** MATERIAL FOR THIS TASK follows **
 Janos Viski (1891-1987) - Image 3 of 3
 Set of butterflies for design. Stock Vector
** End of MATERIAL FOR THIS TASK **
** MATERIAL FOR THIS TASK follows **
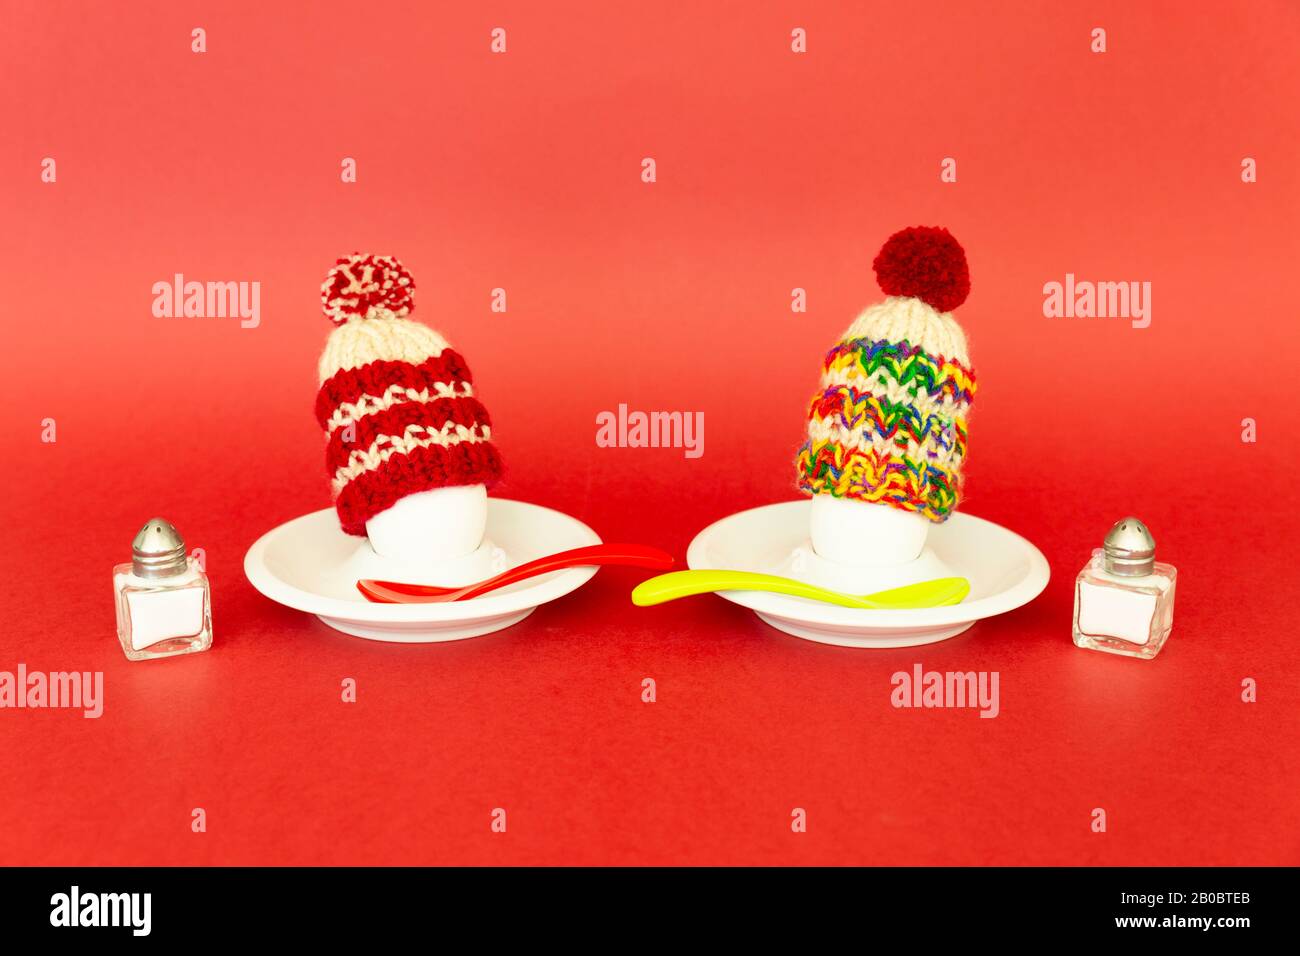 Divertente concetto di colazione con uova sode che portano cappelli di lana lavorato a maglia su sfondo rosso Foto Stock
** End of MATERIAL FOR THIS TASK **
Please, from the entries above, set down exactly the lines from the one containing "Janos Viski (1891-1987) - Image 3 of 3" through the one containing "Set of butterflies for design. Stock Vector", and only those.

 Janos Viski (1891-1987) - Image 3 of 3
 Set of butterflies for design. Stock Vector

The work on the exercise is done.